You can find the notebook itself here. This example would work just as well in a local Jupyter runtime.
ETL
An extension of Doltpy is the doltpy.etl
module that builds on top of doltpy.core
to offer functions for common ETL patterns. You can find an example of this in the dolthub-etl-jobs GitHub repository. The linked file is Python code that we run on our internal Airflow instance to regularly populate a Dolt database with updated IP to country code mappings.
SQL Sync
The SQL Sync module of Doltpy, doltpy.etl.sql_sync
, provides tooling for syncing to and from Dolt and other relational databases. In conversations with customers we frequently heard that while they were excited about Dolt's features, they needed Dolt to play nice with existing relational database infrastructure. SQL Sync attempts to bridge this gap for our users.

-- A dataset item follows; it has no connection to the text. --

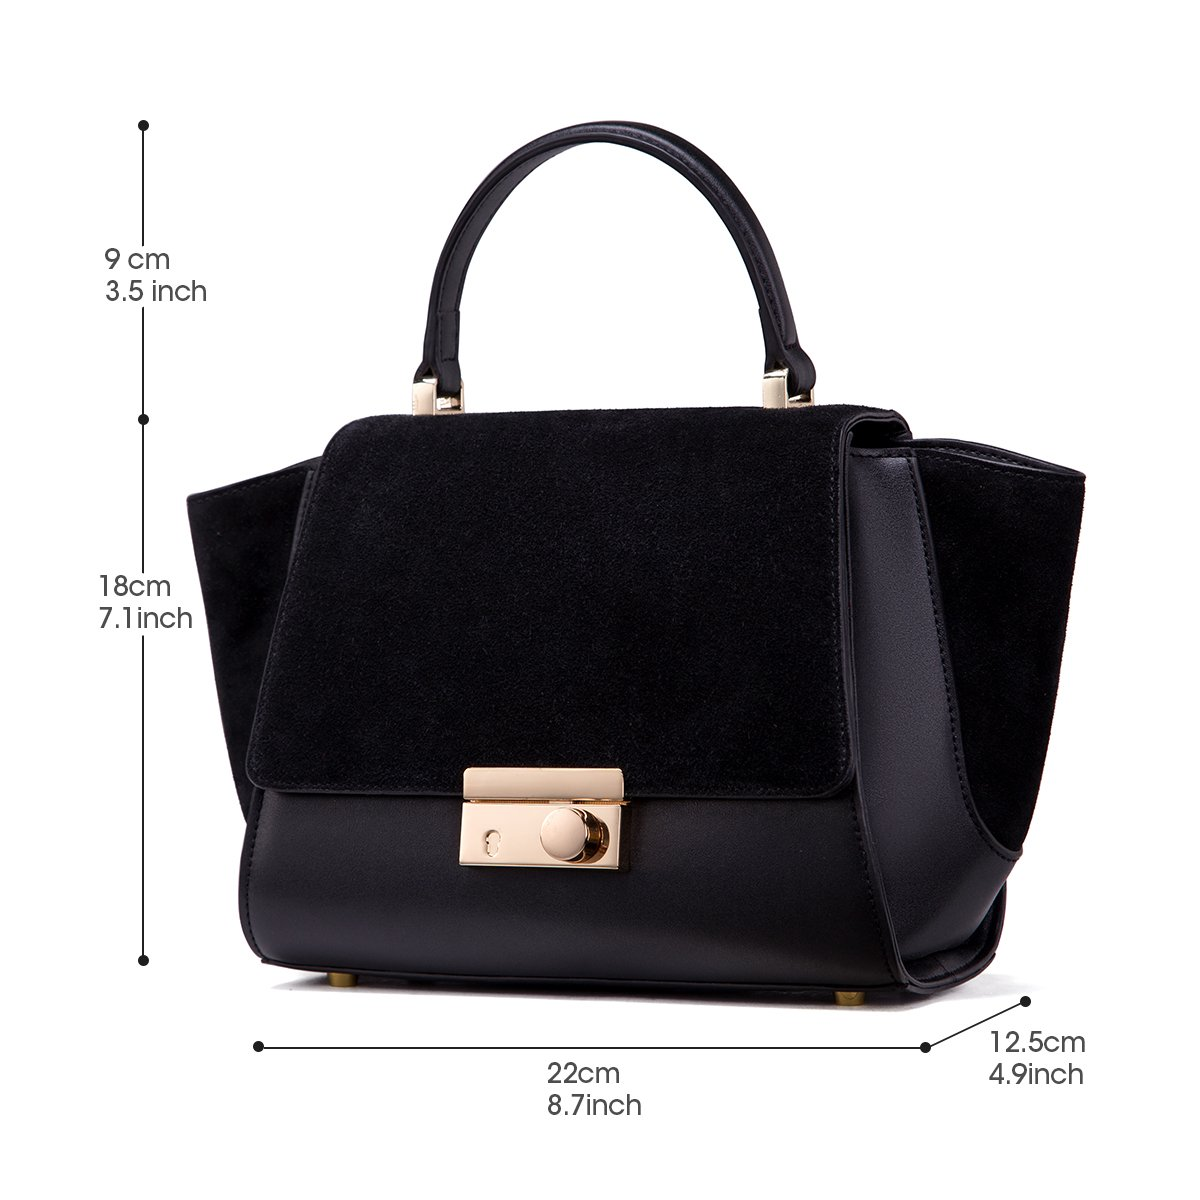 8d199eb8a0 Ladies Black Leather Handbags Designer Purses with Adjustable Shoulder  Strap  Handbags  Amazon.com

Suppose we wanted to sync some data from a running MySQL instance to the Dolt database we cloned earlier in this post. SQL Sync makes it relatively straightforward to replicate the data and schema, allowing us to version an existing database:
import sqlalchemy as sa
from doltpy.etl.sql_sync import (sync_to_dolt,
get_dolt_target_writer,
get_mysql_source_reader,
sync_schema_to_dolt,
MYSQL_TO_DOLT_TYPE_MAPPING)
mysql_engine = sa.create_engine(
'{dialect}://{user}:{password}@{host}:{port}/{database}'.format(
dialect='mysql+mysqlconnector',
user=mysql_user,
password=mysql_password,
host=mysql_host,
port=mysql_port,
database=mysql_database
)
)
# Sync the schema
sync_schema_to_dolt(mysql_engine,
dolt,
{'revenue_estimates': 'revenue_estimates'},
MYSQL_TO_DOLT_TYPE_MAPPINGS)
# Execute the sync
sync_to_dolt(get_mysql_source_reader(mysql_engine),
get_dolt_target_writer(dolt),
{'revenue_estimates': 'revenue_estimates'})
You can read more about SQL Sync here.
Conclusion
We covered a fair amount of ground. We started by revisiting some of the motivations for Dolt and Doltpy, specifically in a setting where Python is being used for data engineering. I dipped into my professional background to provide additional context. We then examined the design principles used in Doltpy by way of example.
Finally we concluded with some concrete examples of how to make use of Doltpy for some common ETL and analysis use-cases.